The values are exactly as we have calculated, but we have a couple of additional metrics here. The first is PRE, but for all intents and purposes this is the R2 value for the model. We can see a R2 value of .61, which means that GDP explains 61% of the variance in happiness. The second is our F ratio, which is the ratio of the mean square for the model to the mean square for the error left over after subtracting out the model. The larger the ratio of variance explained by the model relative to error, the larger F will be. And F is a standardized metric that can be use for Null Hypothesis Significance Testing. We can see that the p value associated with F is zero and therefore we have a statistically significant amount of variance in happiness explained by our regression model. This chimes with what we found when we interpreted the linear model slope.

Finally, lets put this information together in a plot that contains the correlation coefficient,

WHR %>%
ggplot(aes(x = GDP, y = Happiness)) +
    geom_point() +
    stat_smooth(method = "lm",
        col = "red",
        se = FALSE,
        size = 1) +
  theme_classic(base_size = 8) +
  stat_cor() + # the retruns the correlation coefficient 
  stat_regline_equation(label.y = 7) # this returns the GLM equation
## `geom_smooth()` using formula 'y ~ x'

How its written

A simple regression analysis was performed to test the relationship between GDP and Happiness in the World Happiness Report data. The regression model indicated that GDP explained 61% of the variance in Happiness (R = .78, R2 = .61, F(1) = 2584.90, p < .001). Inspection of the model estimates indicated that GDP positively predicted Happiness (b = .74, β = .78, t (1674) = 50.84, p < .001).

Exercise

Okay, lets now give you a chance to set up and test a linear regression model. In the WHR dataset there is also another interesting potential predictor of happiness - the GINI coefficient. The gini coefficient is a metric of economic inequality and some theories propose that economic inequality can be damaging for happiness. In other words, the greater the gaps between the rich and poor, the less happy people are with their lives. We have just seen that country wealth has a strong positive correlation with happiness but what about inequality, what is the nature of its correlation with happiness? Lets find out.

Before we delve into this topic, lets just clarify the research question and null hypothesis we are testing:

Research Question - Is there a linear relationship between inequality and happiness in the World Happiness Report Data?

Null Hypothesis - The relationship between inequality and happiness will be zero.

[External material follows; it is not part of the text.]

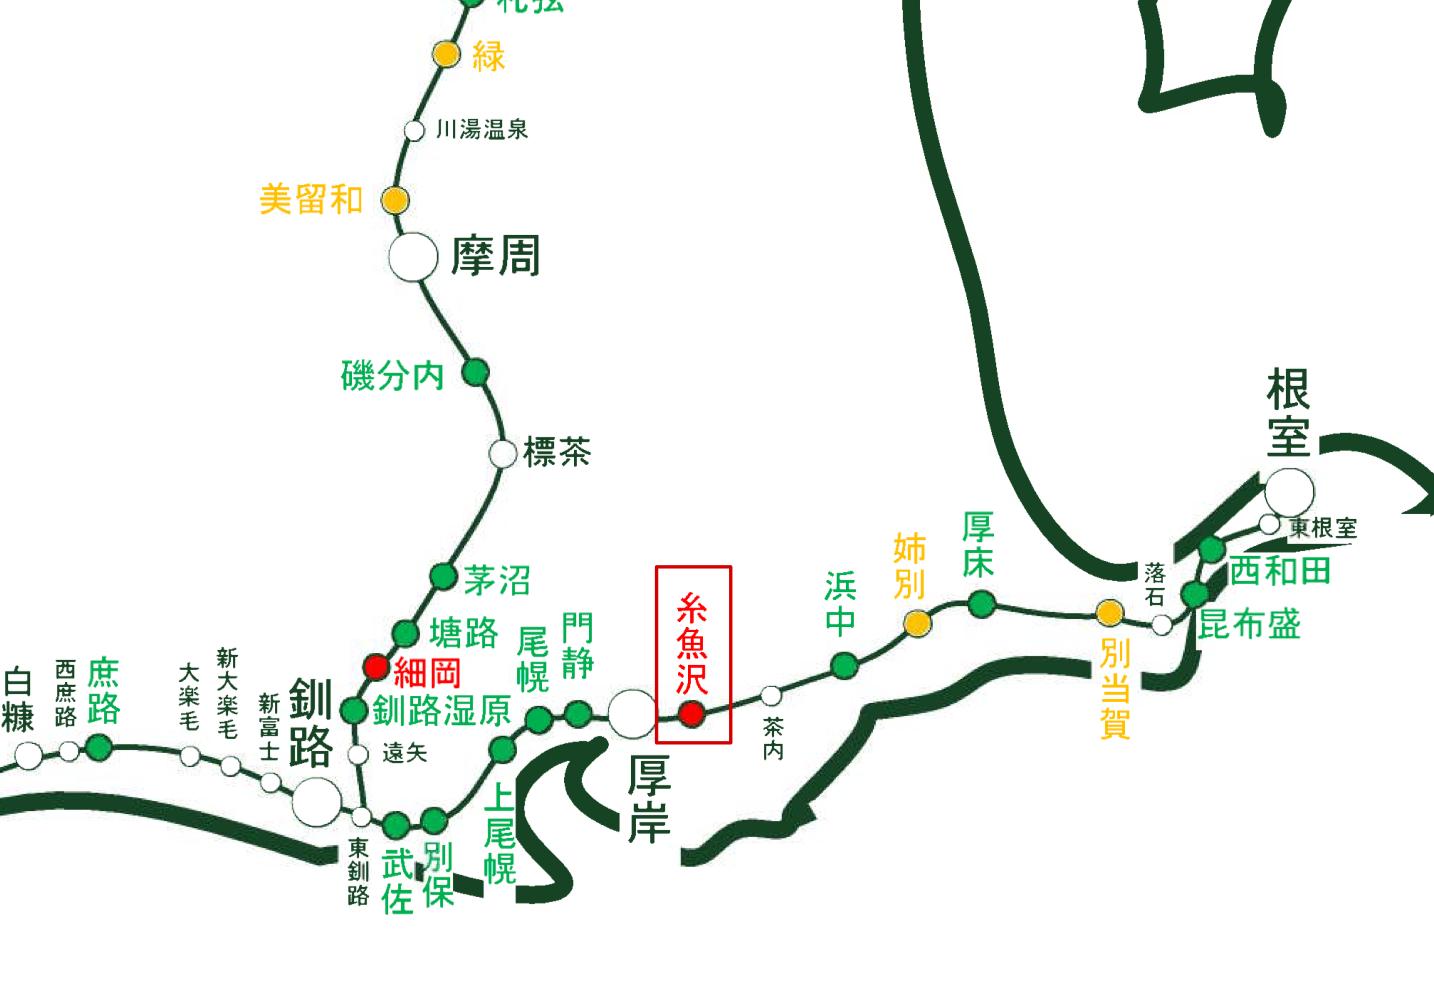 JR北海道「駅別乗車人員」を参考に一部筆者にて編集した花咲線の廃駅予想

Task 1 - Filter the GINI variable

As with the GDP variable, there are some missing data points for the GINI coefficient, where data is unavailable for certain countries at certain time points. Write the code to filter the GINI variable so that it retains all values equal to and above 0.

WHR <- 
WHR %>% 
filter(??) # Fill in the gap here for values equal to and above 0
WHR

Task 2 - Plot the distribution of the GINI coefficient

Write the code to draw a plot of the distribution of the GINI coefficient. Given that the GINI coefficient is scaled between 0 and 1, change the binwidth to .05.

WHR %>% 
  ggplot(aes(x= ??)) + ## fill in the variable gap here for GINI
  geom_histogram(aes(y=..density..), binwidth=.05, colour="black", fill="white") + 
  geom_density(adjust = 4, alpha = .2, fill = "antiquewhite3") +
  geom_vline(aes(xintercept=mean(??)), col="black", linetype="dashed", size=1) +
  geom_vline(aes(xintercept=median(??)), col="black", size=1) +
  ylab("??") + # add appropriate y lab 
  xlab("??") + # add appropriate x lab
  ggtitle("Distribution of GINI in the WHR") +
  theme_minimal(base_size = 8) 

Is the distribution of the GINI coefficient approximately normal?

Task 3 - Calcualte the correlation coefficient for the relationship between GINI and happiness

Now use the rcorr() function to call the correlation coefficient - or Pearson’s r - for the relationship between GINI and happiness.

rcorr(as.matrix(WHR[,c("??","??")], type="??")) # fill in the ?? gaps here for the explanatory variable and the correlation type (pearson)

What is the correlation between GINI and happiness?

Is this a small, medium, or large correlation?

Is this correlation statistically significant?

Task 4 - Plot the relationship

Use a scatter graph to plot the relationship between GINI and happiness and add to this plot the best fitting regression line.

WHR %>%
ggplot(aes(x = ??, y = ??)) + # fill in the ?? gaps here
    geom_point() + 
    stat_smooth(method = "lm",
        col = "red",
        se = FALSE,
        size = 1) + 
  ggtitle("Regression Model") +
  theme_classic(base_size = 8)

How does this line compare to the regression line for the relationship between GDP and happiness?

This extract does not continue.